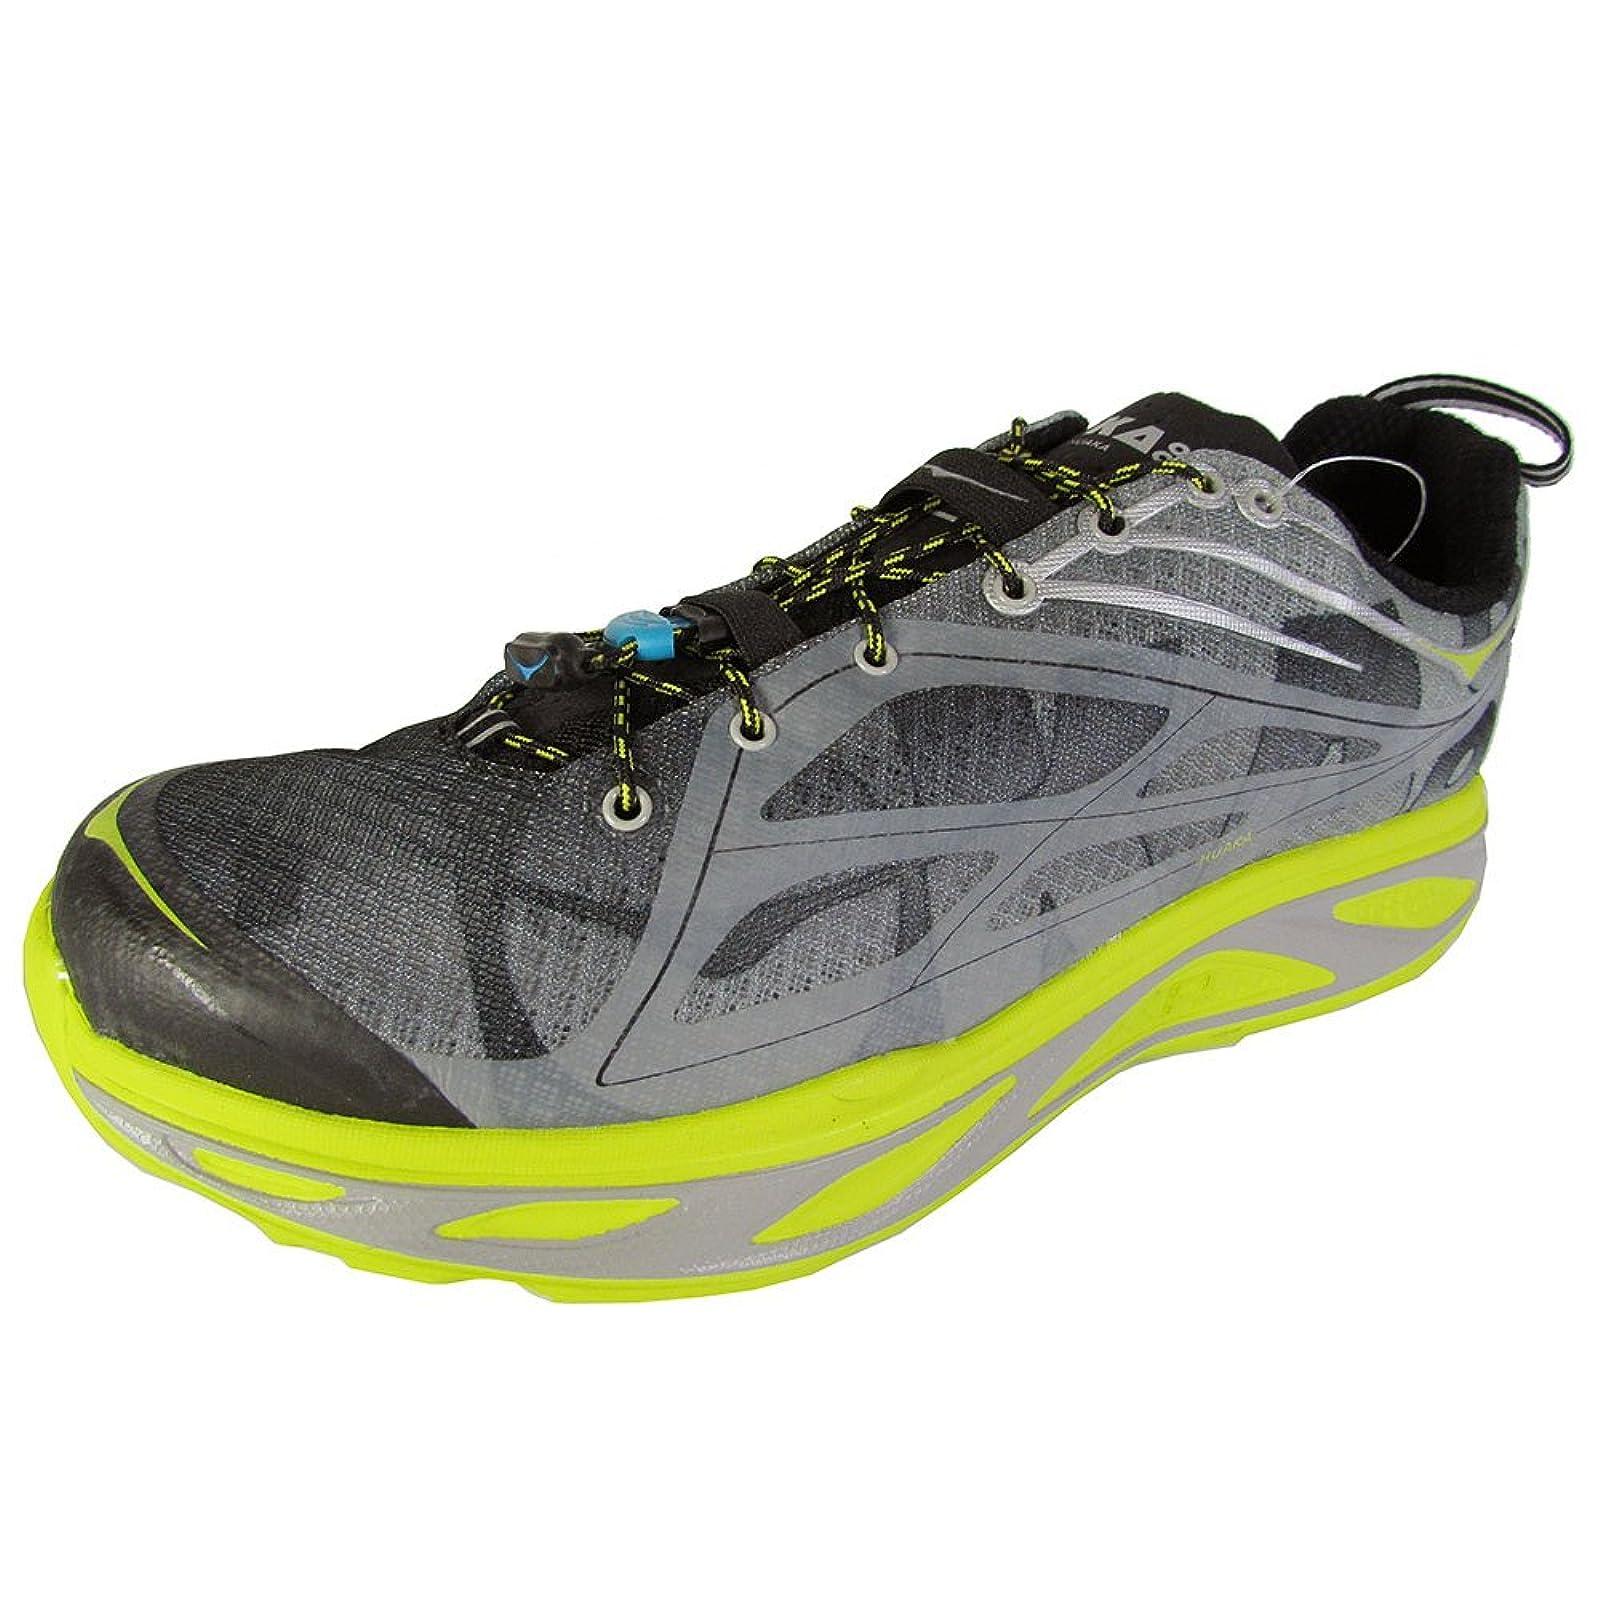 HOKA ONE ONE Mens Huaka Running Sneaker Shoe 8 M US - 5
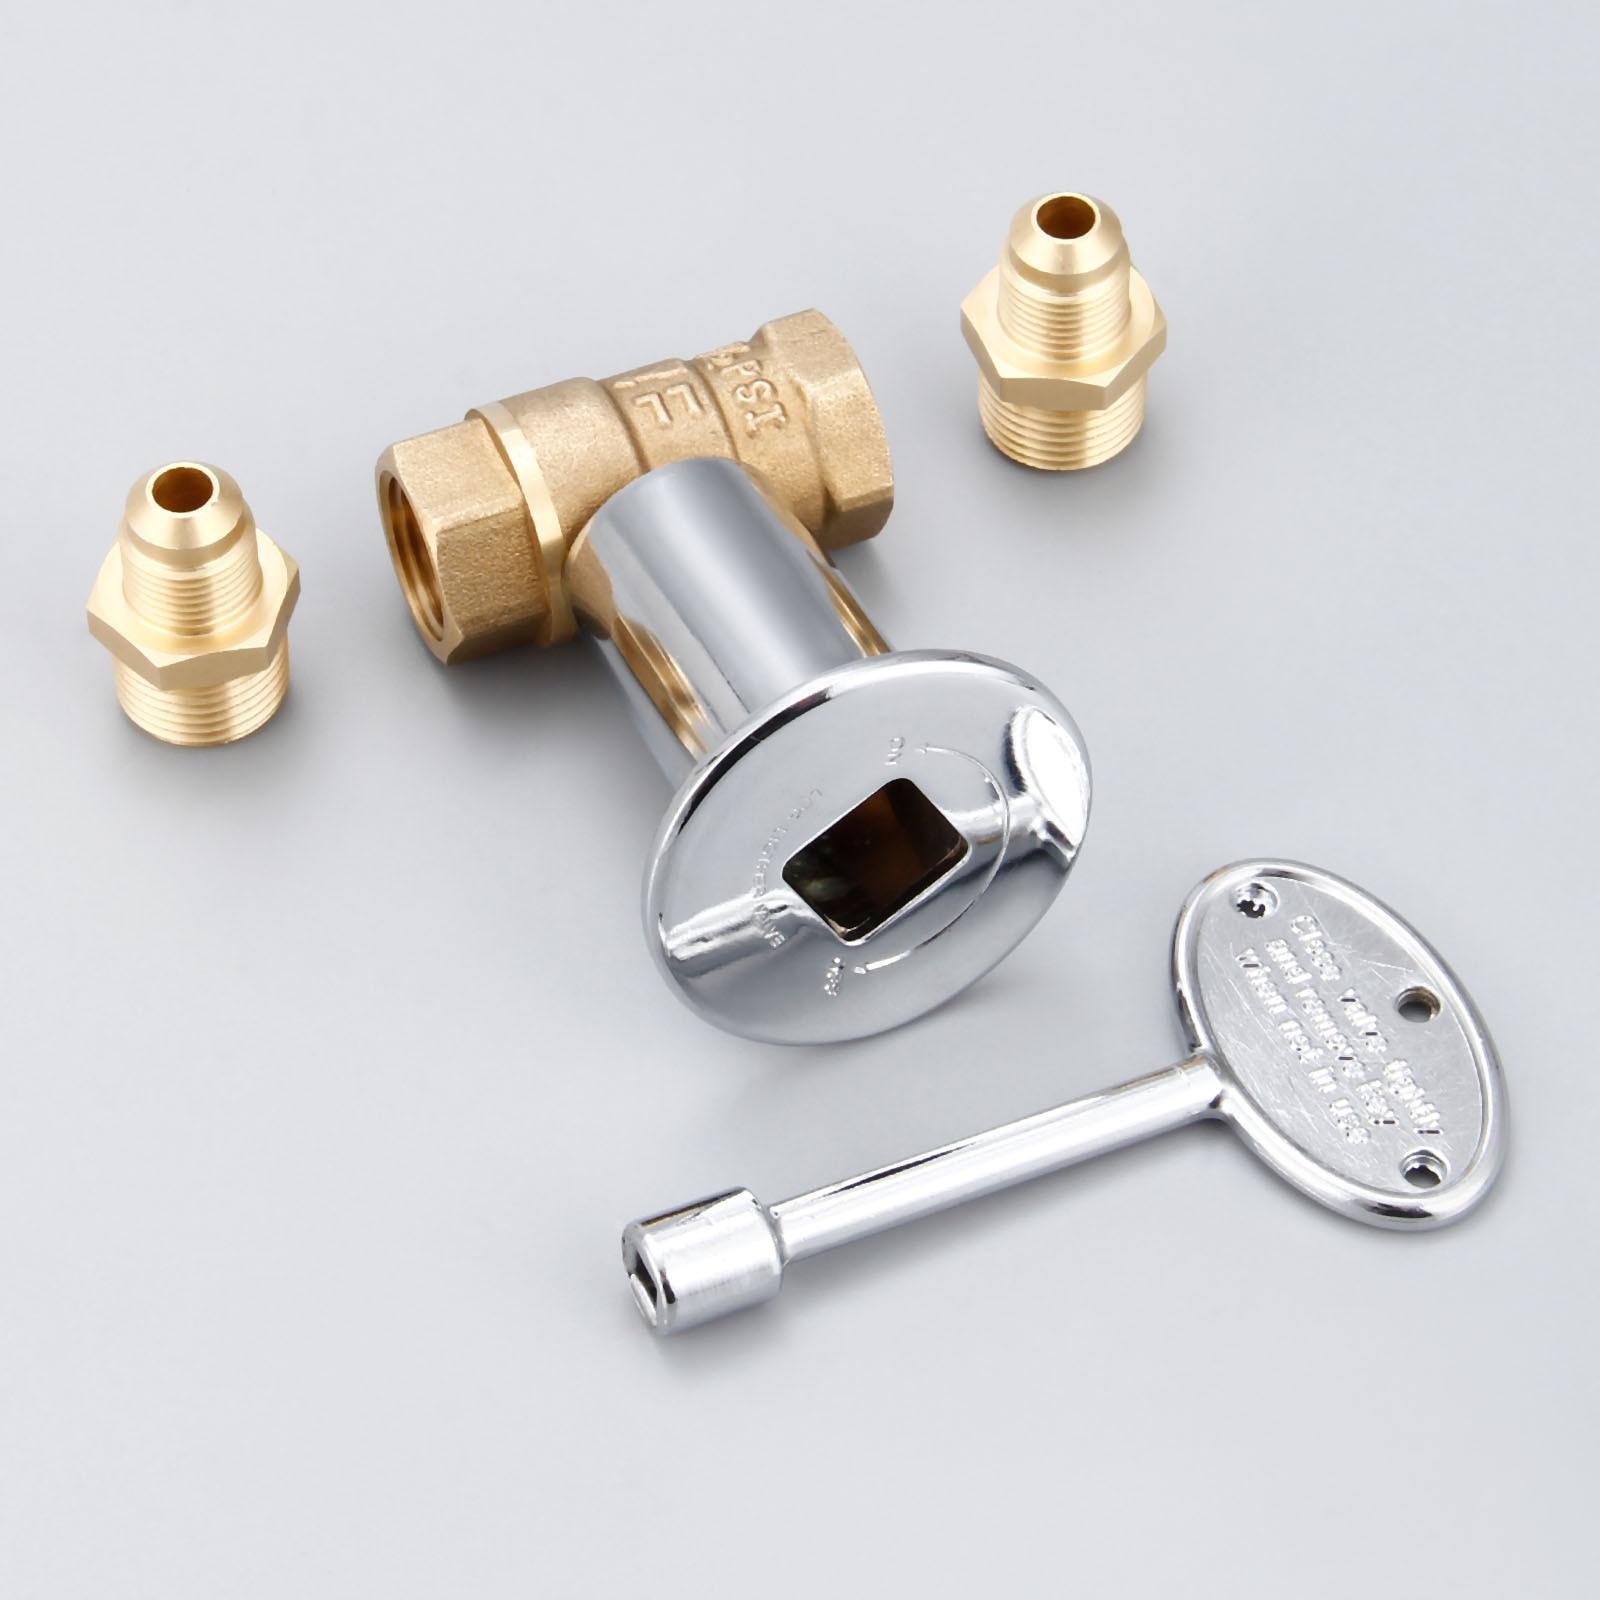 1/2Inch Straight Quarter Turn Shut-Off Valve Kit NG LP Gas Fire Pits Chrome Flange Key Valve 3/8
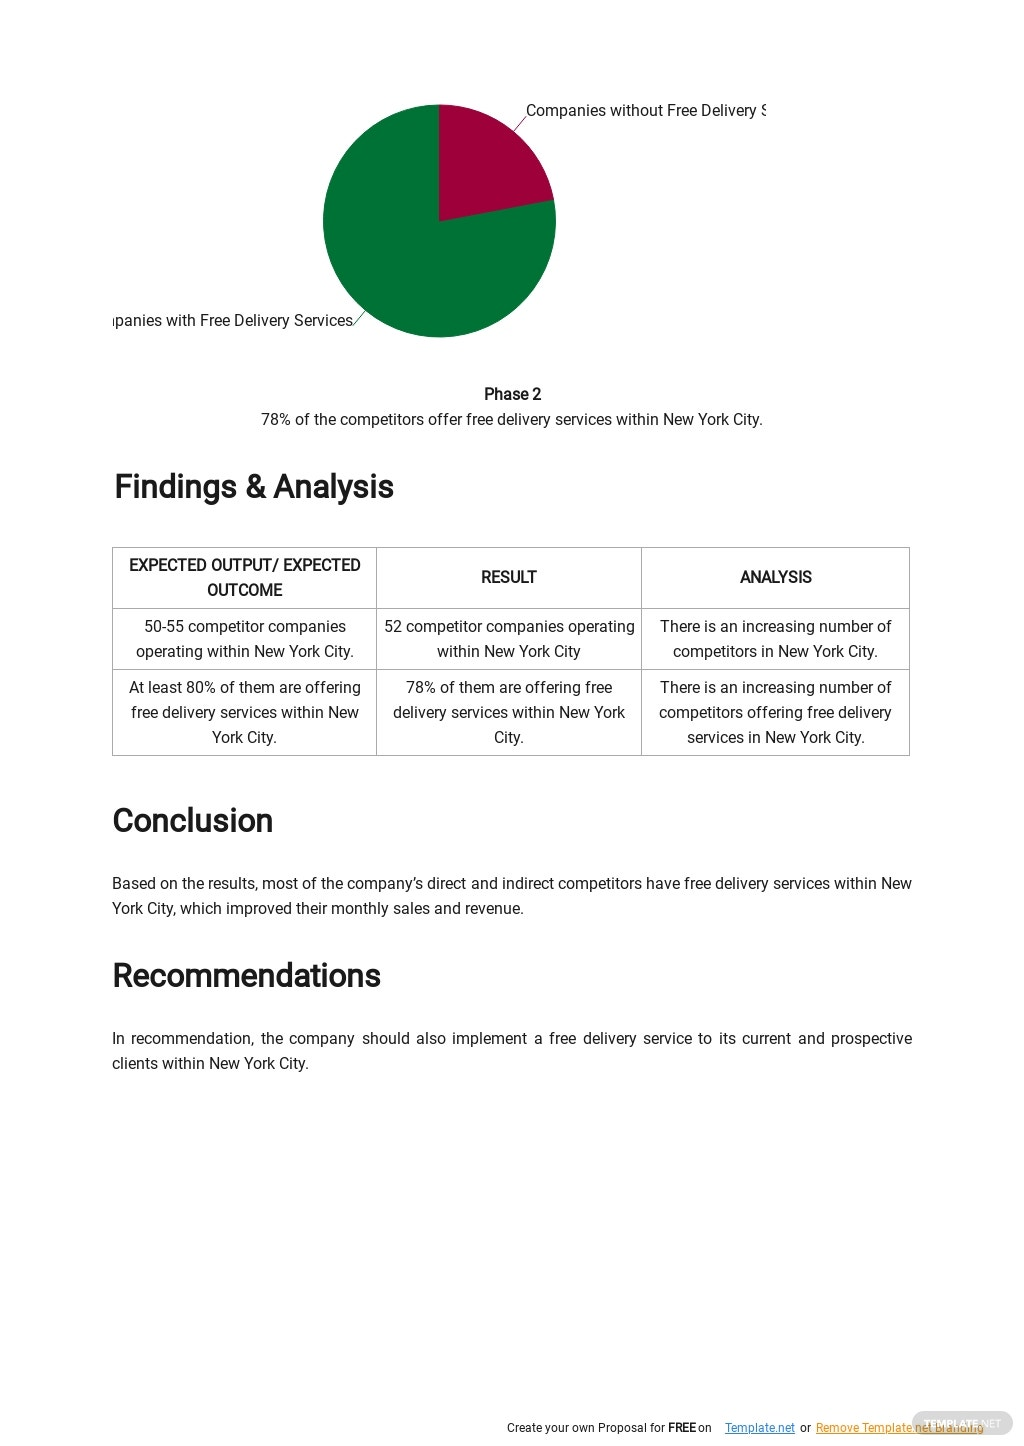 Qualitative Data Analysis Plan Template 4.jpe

● AIM OF THE EXERCISE: Print the data above exactly; drop every picture.

● YOUR RESPONSE:
 HOKA ONE ONE Mens Huaka Running Sneaker Shoe 8 M US - 5
 1/2Inch Straight Quarter Turn Shut-Off Valve Kit NG LP Gas Fire Pits Chrome Flange Key Valve 3/8
 Qualitative Data Analysis Plan Template 4.jpe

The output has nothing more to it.